Разумеется, они выбрали лучший московский ресторан — «Эрмитаж», бывший особняк; на то, чтобы отведать там ужин из десяти перемен, включавший, конечно же, вина разных сортов, ликеры и кофе, могло уйти несколько часов, даже большая часть ночи. Одет Чехов был, как всегда, безукоризненно — черный фрак и жилет, всегдашнее пенсне. Выглядел он в этот вечер почти так же, как выглядит на фотографиях того периода. Казался безмятежным, оживленным. Обменявшись рукопожатием с метрдотелем, он обвел взглядом огромную залу. Она была залита ярким светом роскошных люстр, за столами сидела изысканно одетая публика. Непрестанно сновали официанты. Чехов уселся за столик напротив Суворина, как вдруг, совершенно внезапно, изо рта у него хлынула кровь. Суворин с помощью двух официантов отвел его в уборную, где они попытались остановить кровотечение, прикладывая лед. Потом Суворин отвез Чехова в отель и велел приготовить ему постель в собственных апартаментах. Позже, после еще одного горлового кровотечения, Чехов согласился, чтобы его перевезли в специализированную клинику, где лечат туберкулез и прочие легочные болезни. Когда Суворин навестил его, Чехов извинился за случившийся третьего дня в ресторане «скандал», однако продолжал настаивать, что ничего серьезного ему не угрожает. «Больной, — записал Суворин в дневнике, — смеется и шутит по своему обыкновению, отхаркивая кровь в большой сосуд».
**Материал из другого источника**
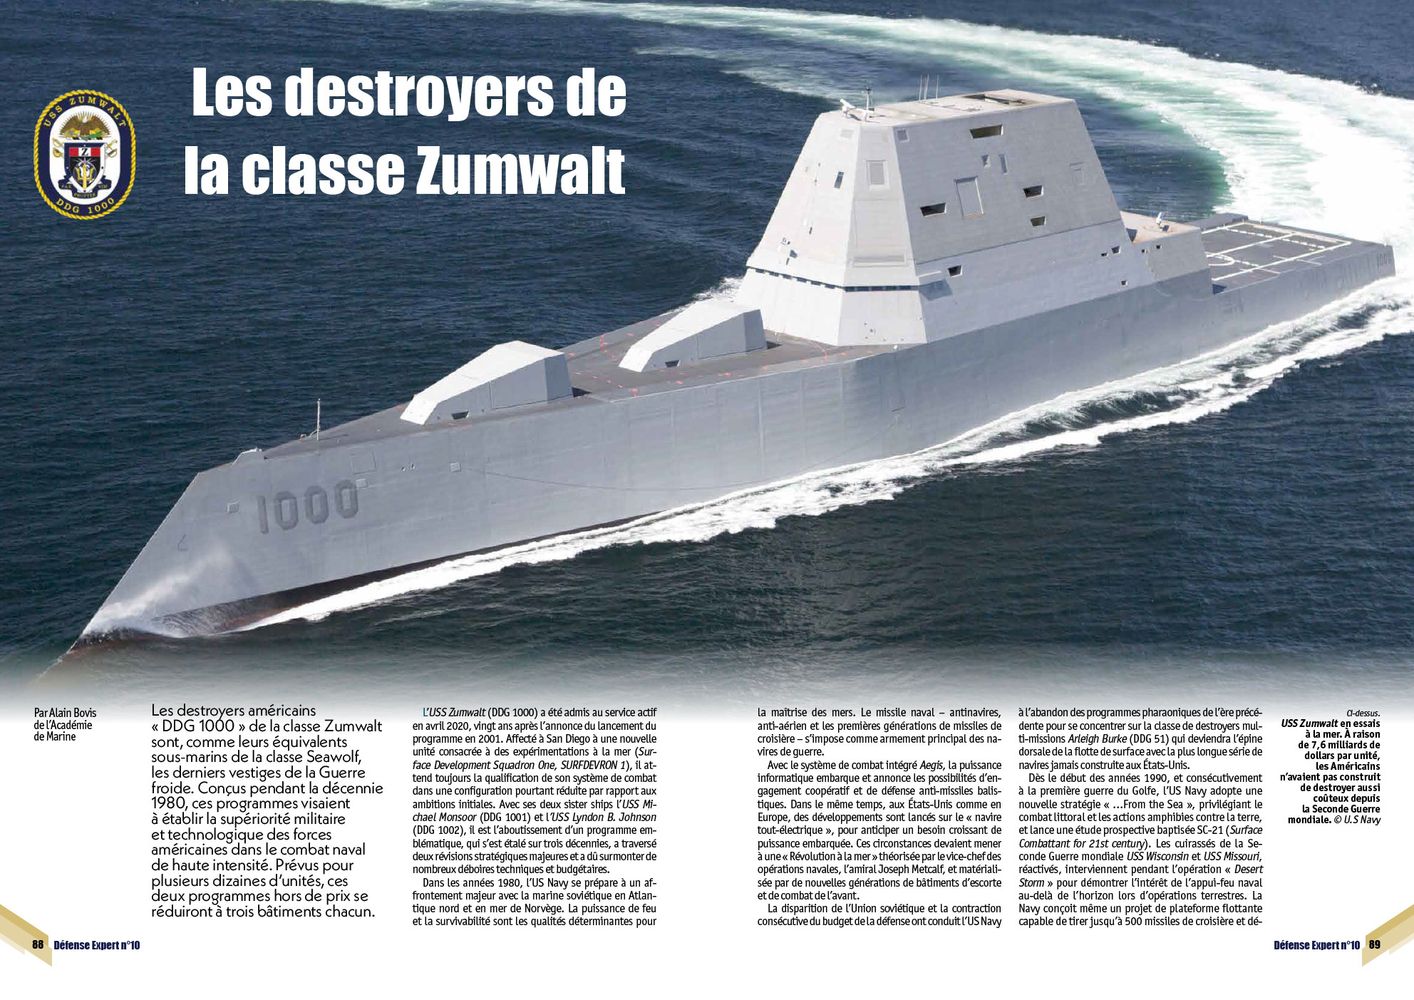 Les destroyers de la classe Zumwalt - page 88 & 89 DE n°10

Младшая сестра Мария навестила Чехова в клинике в конце марта. Погода стояла отвратительная, шел мокрый снег, повсюду громоздились обледеневшие сугробы. Мария с трудом нашла извозчика, чтобы доехать до лечебницы. Пока добралась, успела переволноваться и впасть в отчаяние.
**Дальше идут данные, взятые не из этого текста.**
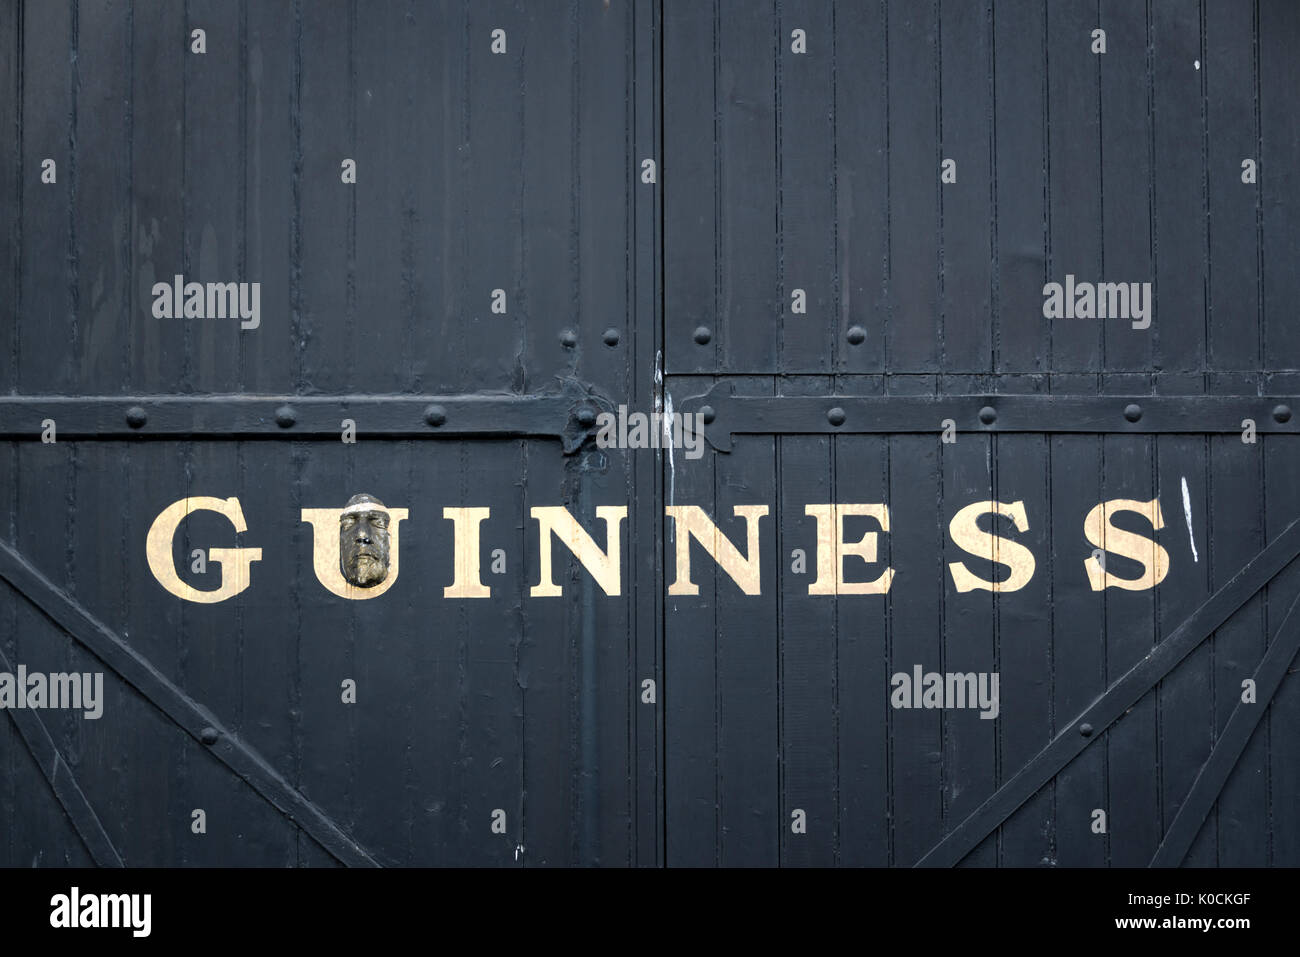 DUBLIN, Irland - 14 August: Tor an das Guinness Storehouse Brauerei. Das Guinness Storehouse ist eine beliebte Touristenattraktion in Dublin Stockfoto

«Антон Павлович лежал на спине, — пишет Мария в своих воспоминаниях. — Говорить ему было запрещено. Поздоровавшись с ним, я, чтобы скрыть чувства, отошла к столу». Там, среди бутылок шампанского, банок икры, букетов от доброжелателей она увидела нечто, поразившее ее в самое сердце: карандашный рисунок, явно сделанный специалистом, легкие Чехова. Врачи часто делают такие наброски, чтобы показать больному, каково, на их взгляд, состояние дел. Легкие были прорисованы синим, но верхняя часть закрашена красным. «Мне стало ясно, что они поражены болезнью», — пишет Мария.